What to do
Drop the pictures and repeat the remaining data exactly.

Available data
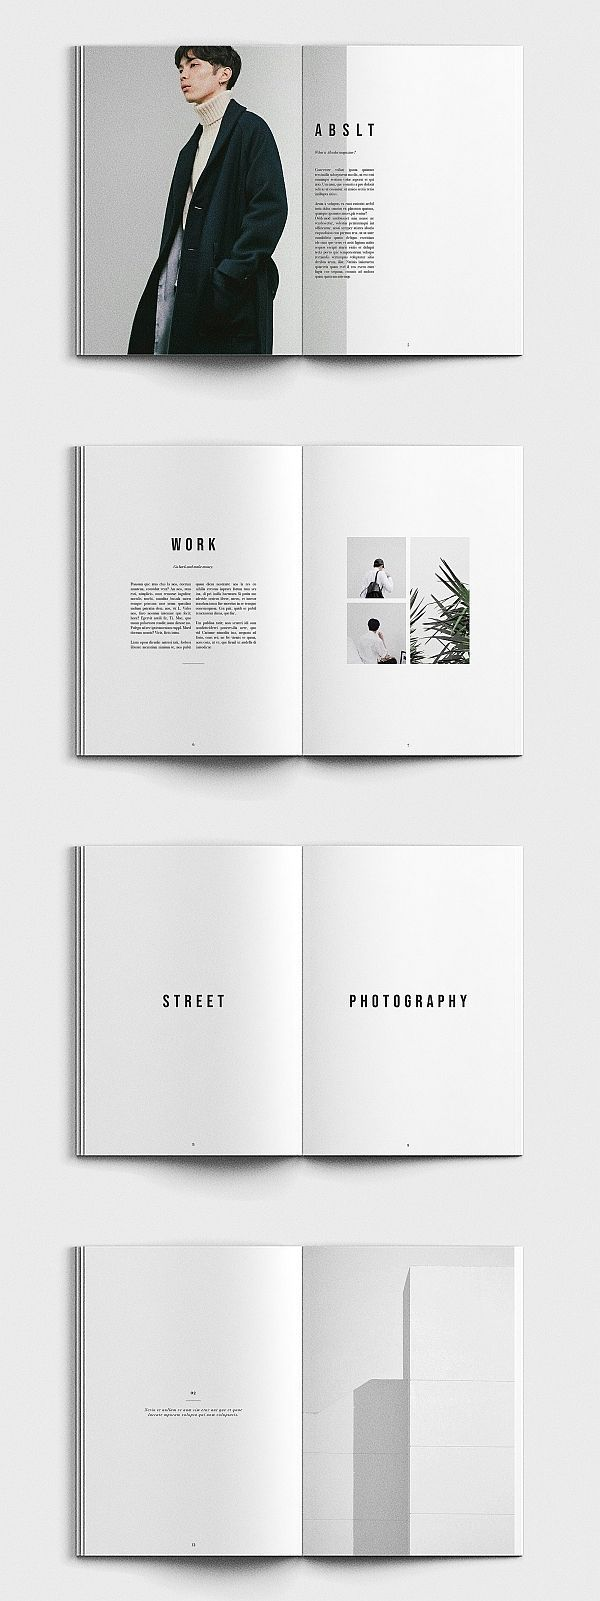 ABSOLUT Fotografie Portfolio Vorlage #Portfolio #Lookbook #Broschüre #Vorlage
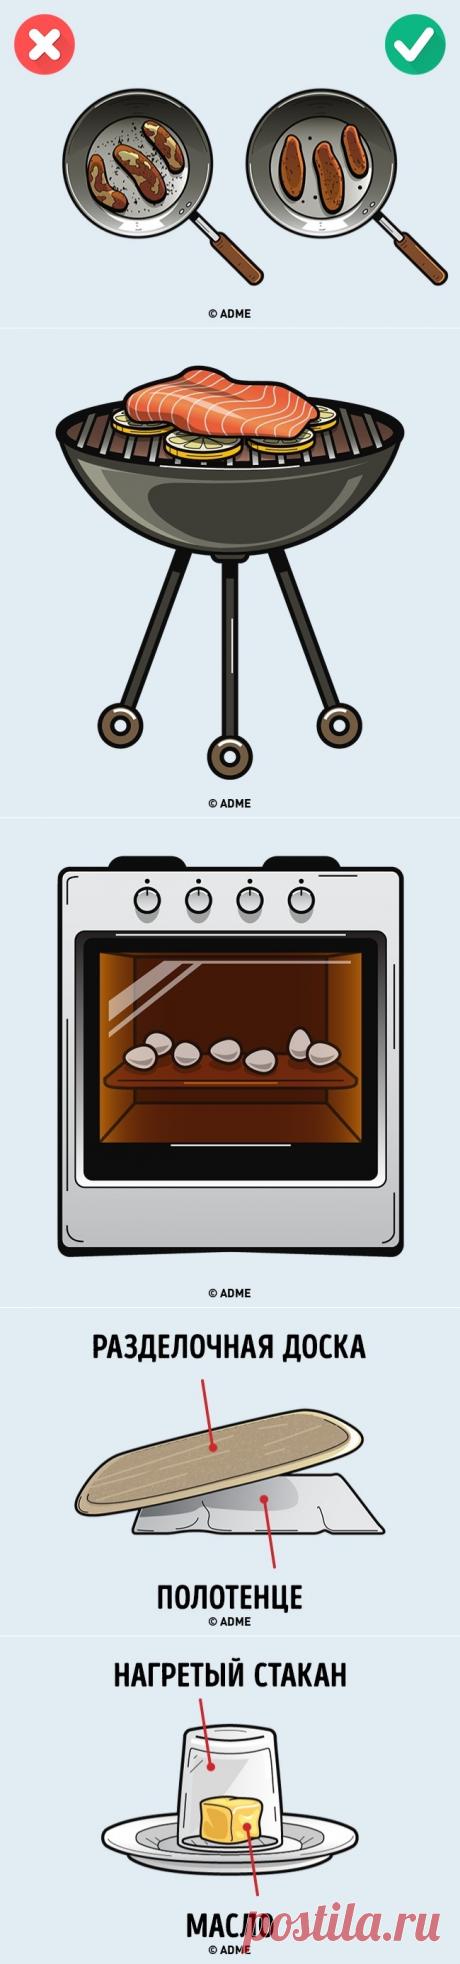 Preparas a veces por la misma receta, así como el cocinero del restaurante, pero a él me resulta por alguna razón el filete, y la suela...
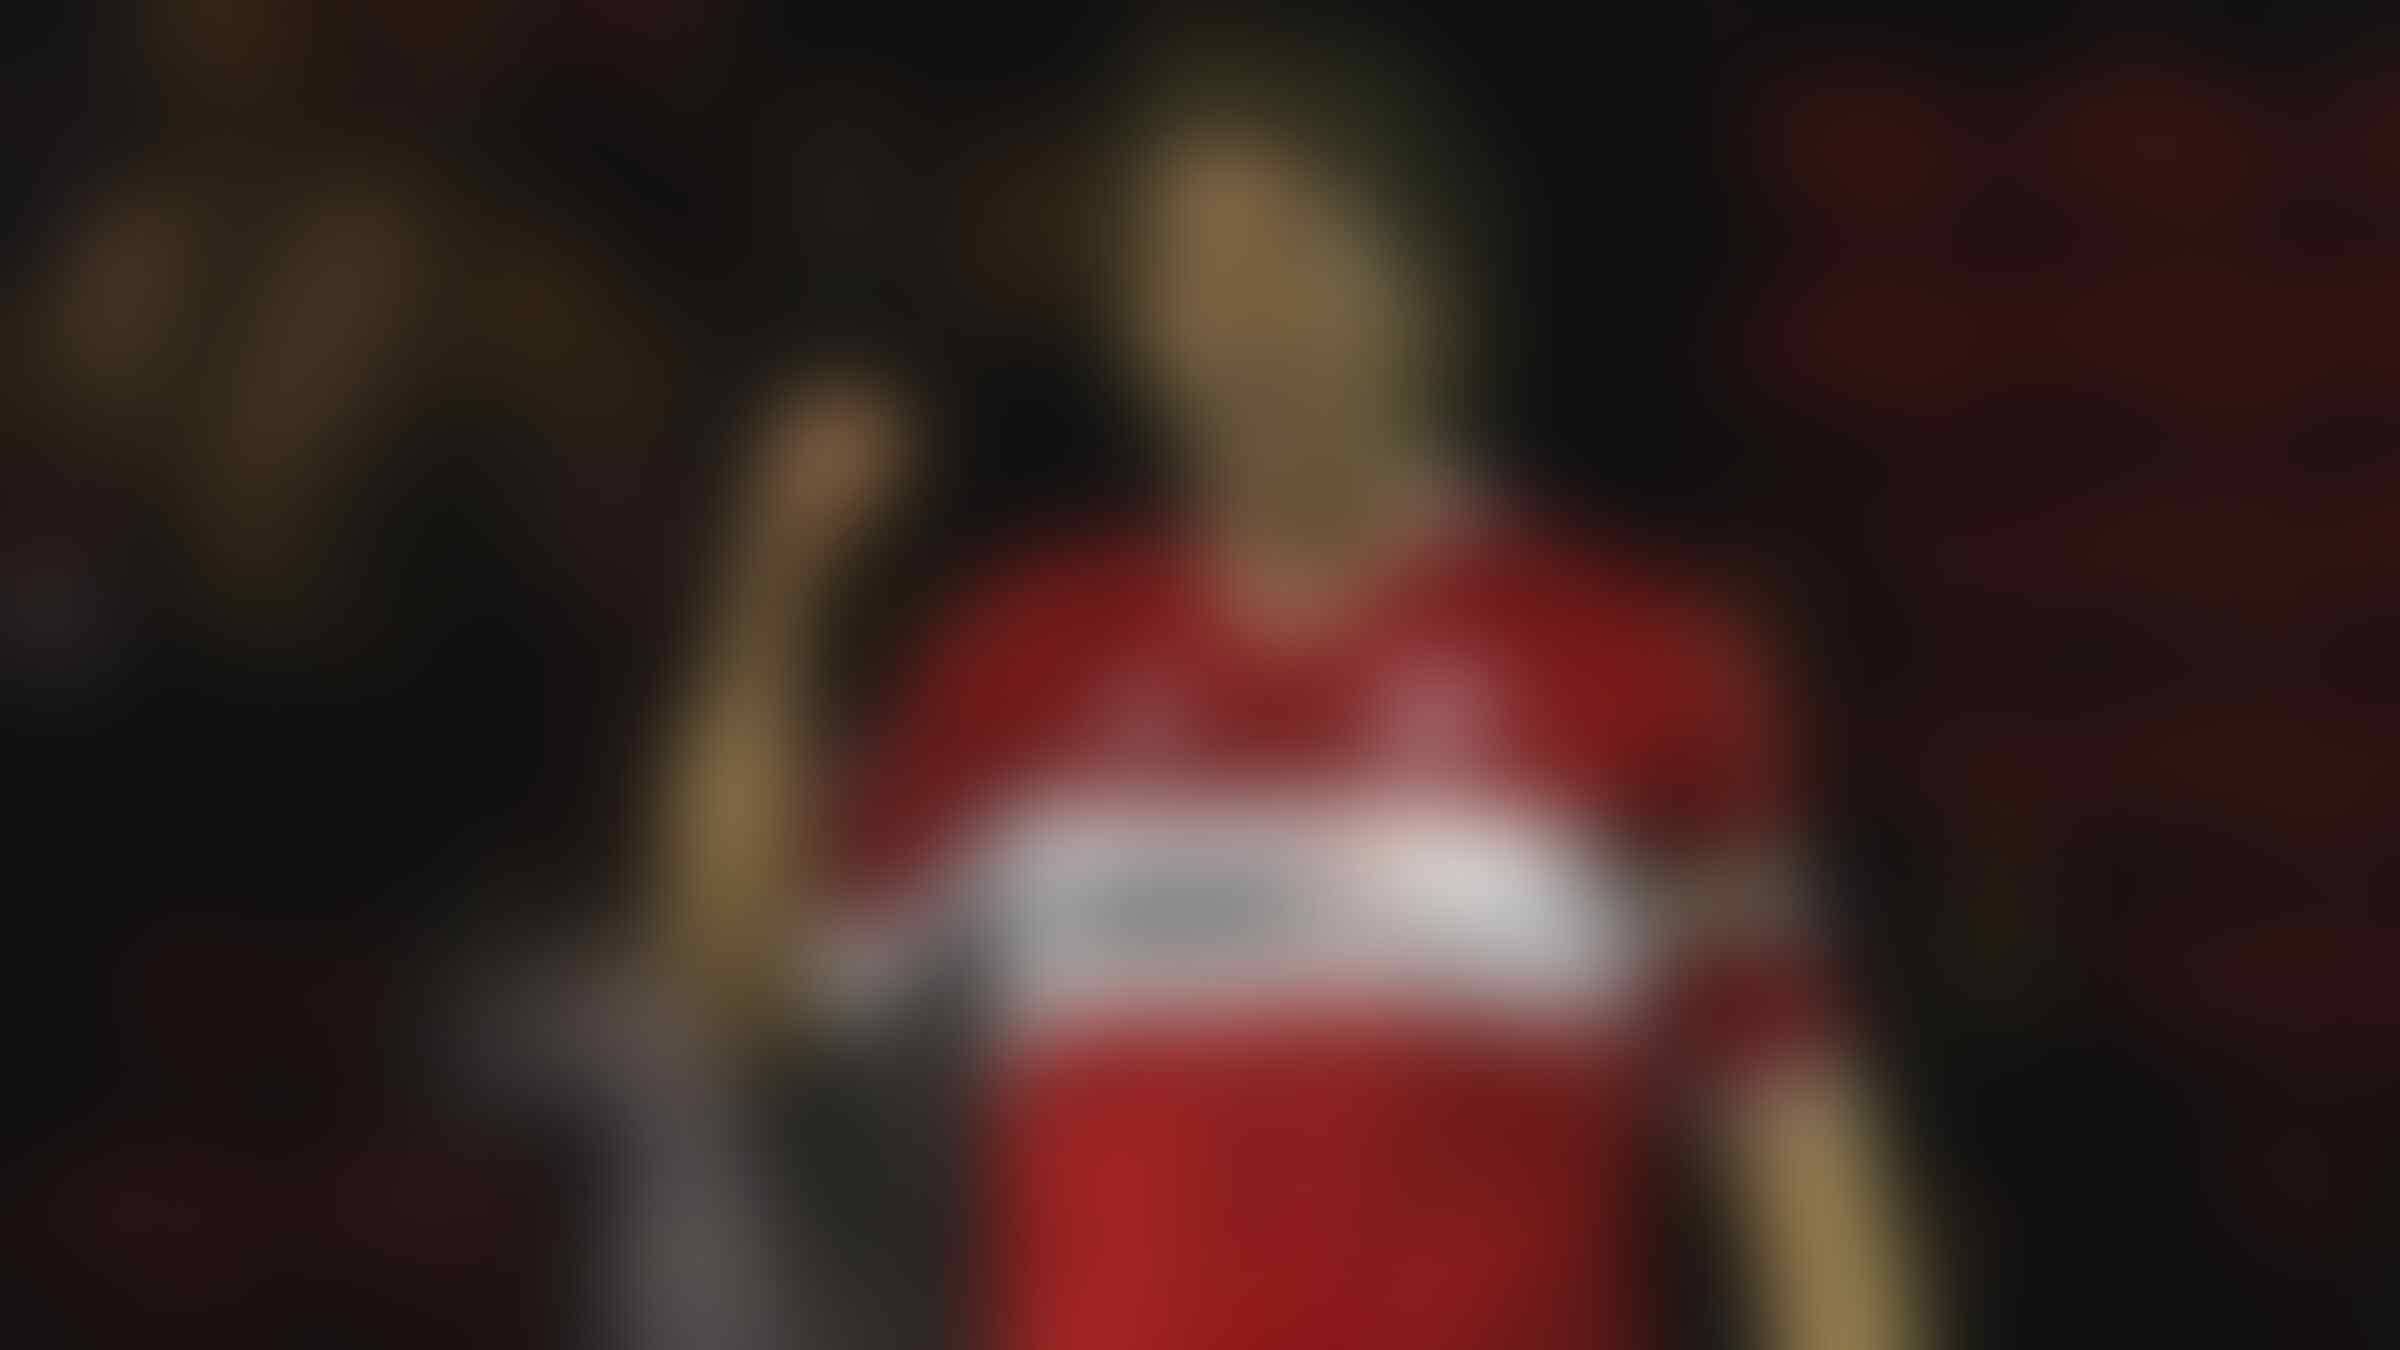 Kisah Gareth Southgate sebelum Melatih Inggris, Jadi Kapten di Usia 23

Output
 ABSOLUT Fotografie Portfolio Vorlage #Portfolio #Lookbook #Broschüre #Vorlage
 Preparas a veces por la misma receta, así como el cocinero del restaurante, pero a él me resulta por alguna razón el filete, y la suela...
 Kisah Gareth Southgate sebelum Melatih Inggris, Jadi Kapten di Usia 23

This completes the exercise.